Canadian railways to press for policy reforms
TORONTO — Canadian railroads need tax breaks and less restrictive regulation in order to achieve the productivity gains necessary to compete effectively against U.S. railroads, said Canadian National president and chief executive officer Paul Tellier.
Tellier, speaking to The Canadian Club of Toronto earlier this week, said the federal government should pursue such reforms for the good of the economy. Freight exports account for 35% of Canada’s gross domestic product, he noted, adding that rail moves 40% of all Canadian export products — more than any other mode of transport.

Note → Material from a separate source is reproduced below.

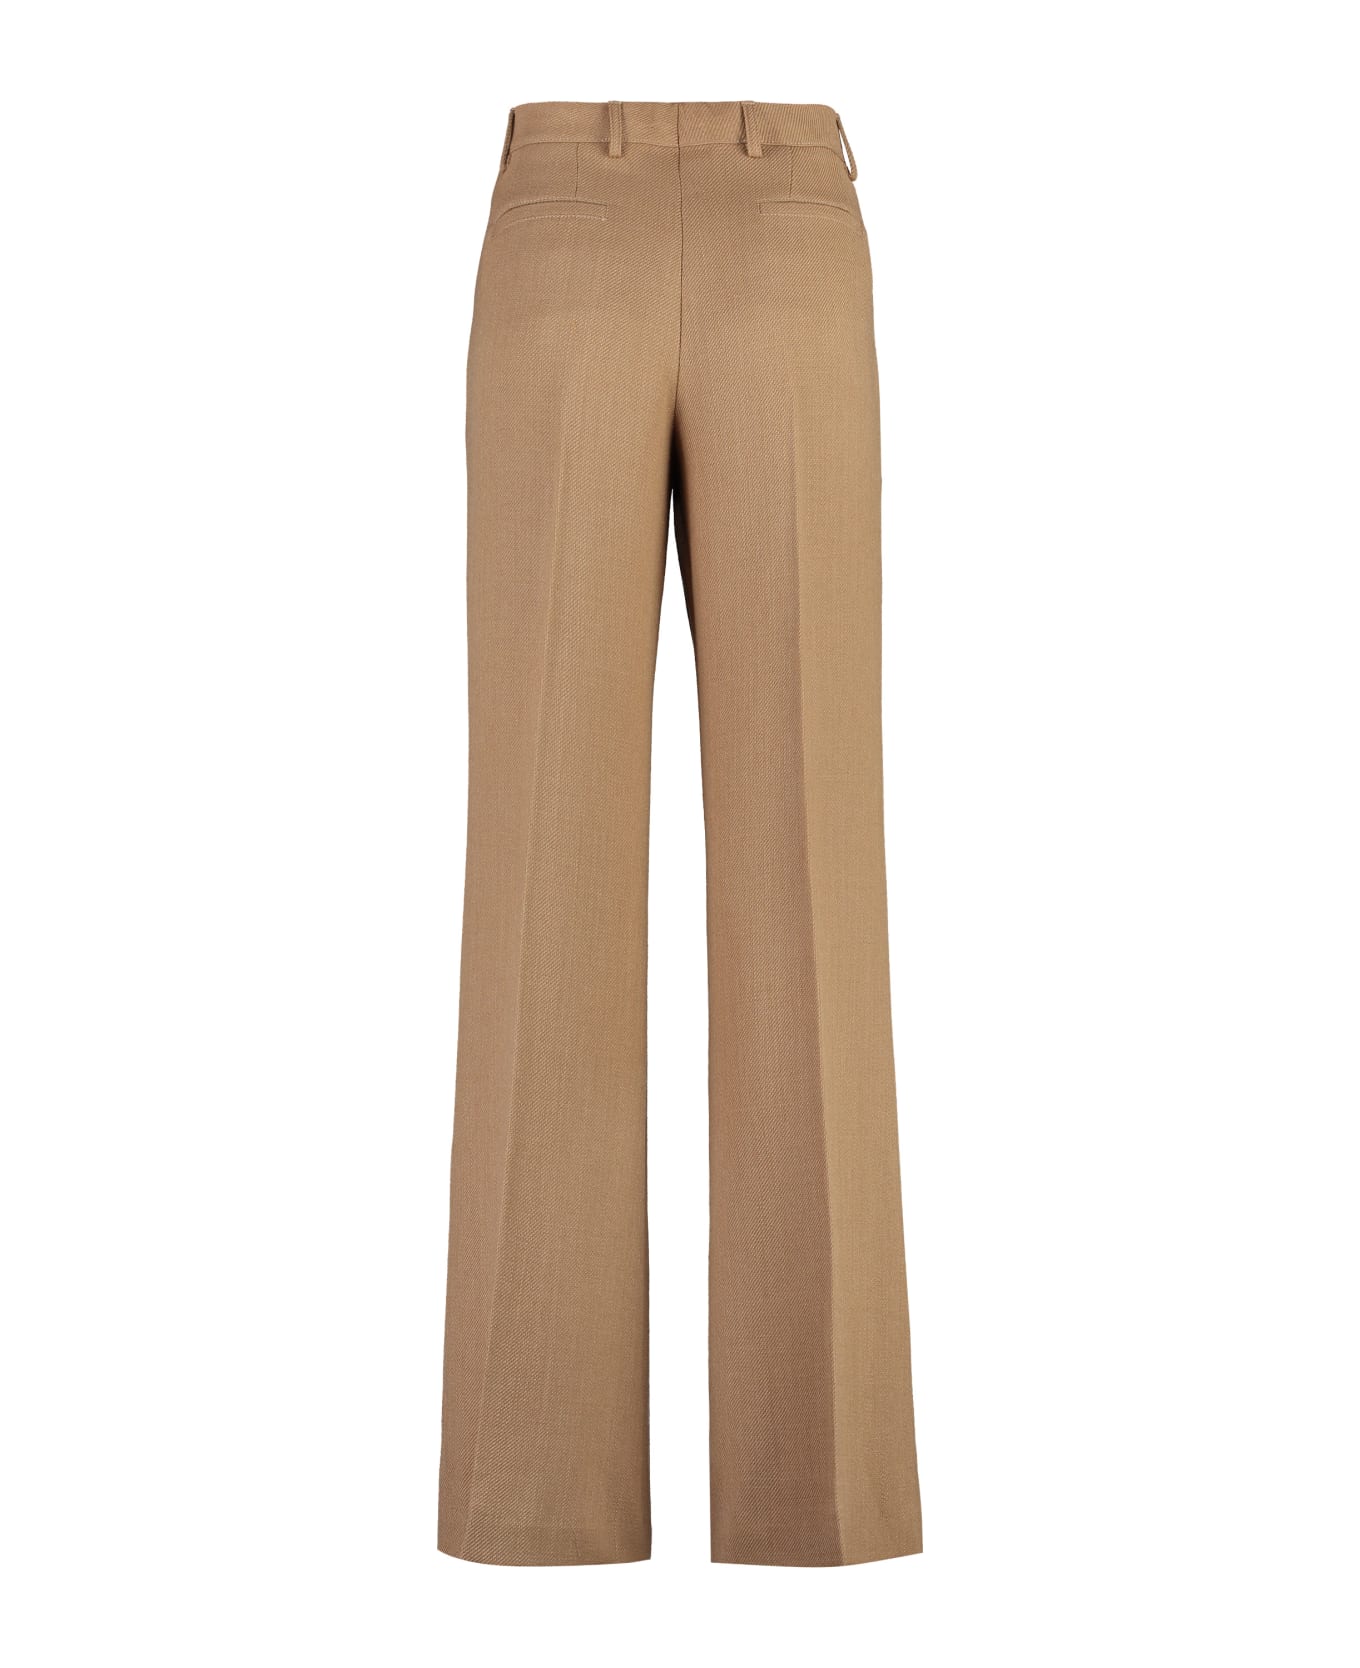 Etro Flared Trousers - Beige

“Canada’s low-cost and highly competitive rail transportation supports the competitiveness of Canadian industry,” Tellier said. “If our railroads are not competitive, Canadian shippers are profoundly affected.”
Tellier outlined a variety of measures that have improved the company’s cost efficiency — CN’s operating ratio in the most recent quarter was 73.3%. And while productivity — measured in revenue per ton moved one mile per employee — at CN has risen by almost 70% in the past five years, the gains trail those of the U.S. rail industry by 30%.
To make up the difference, Tellier said Canadian railroads need public policy reforms on taxes and regulation.
“We pay 14% of gross revenues in taxes, compared to just 8% for U.S. railroads and 8% for U.S. and Canadian truckers,” Tellier explained. “We build our own lines on our own rights-of-way. We maintain and police our lines. We erect our own traffic signals and control the traffic flow. And we pay taxes for the privilege of doing all this.”
The federal Capital Cost Allowance is another concern. “American railroads can depreciate equipment in as few as eight years. Canadian railroads must wait as long as 30 years,” he said.
Tellier said regulatory changes introduced by the Canada
Transportation Act of 1996 are “inseparably linked” to roductivity and safety gains posted by Canadian railroads in recent years, along with the emergence of short-line railroads. But more deregulation is needed, he said.
“When the CTA comes up for review next year, some of the shipping community will speak against it,” Tellier said. “But they will have a difficult argument to make when you consider Canadian rail freight rates are among the lowest in the Western industrialized world, and that we are an industry that still does not recover its cost of capital.
“We must continue to deregulate.”
Tellier listed actions CN has taken to become more productive, including its merger agreement with Illinois Central and marketing alliance with IC and Kansas City Southern Railway. If approved by U.S. regulators, CN’s network in North America would resemble a giant “Y” transecting the continent from east to west and north to south.
Tellier also said CN is projecting capital expenditures of more than $2 billion by 2001, and is taking further steps to lower its cost structure by eliminating antiquated work rules, ending life-time employment security benefits, pursuing smarter procurement policies, abandoning and selling under-used track, and making better use of its assets.
Tellier emphasized that government intervention that benefits Canadian railroads also benefits Canadian shippers.
“A few years ago, there were seven big railroads in the United States. Now, after consolidations, there are four. … This has consequences for shippers and for CN,” he explained.
“The new efficiency of the Big Four will help their customers compete in new markets. We’re already seeing this, for example, in the competition that Quebec paper mills now face in the northeastern United States.
“Canada’s ports also have a very large stake. On both the Atlantic and Pacific coasts, shippers can choose among port facilities that compete against one another on the basis of cost and efficiency. Rail transportation to the interior is a critical factor. Canadian ports need railroad partners as efficient as those in the U.S.”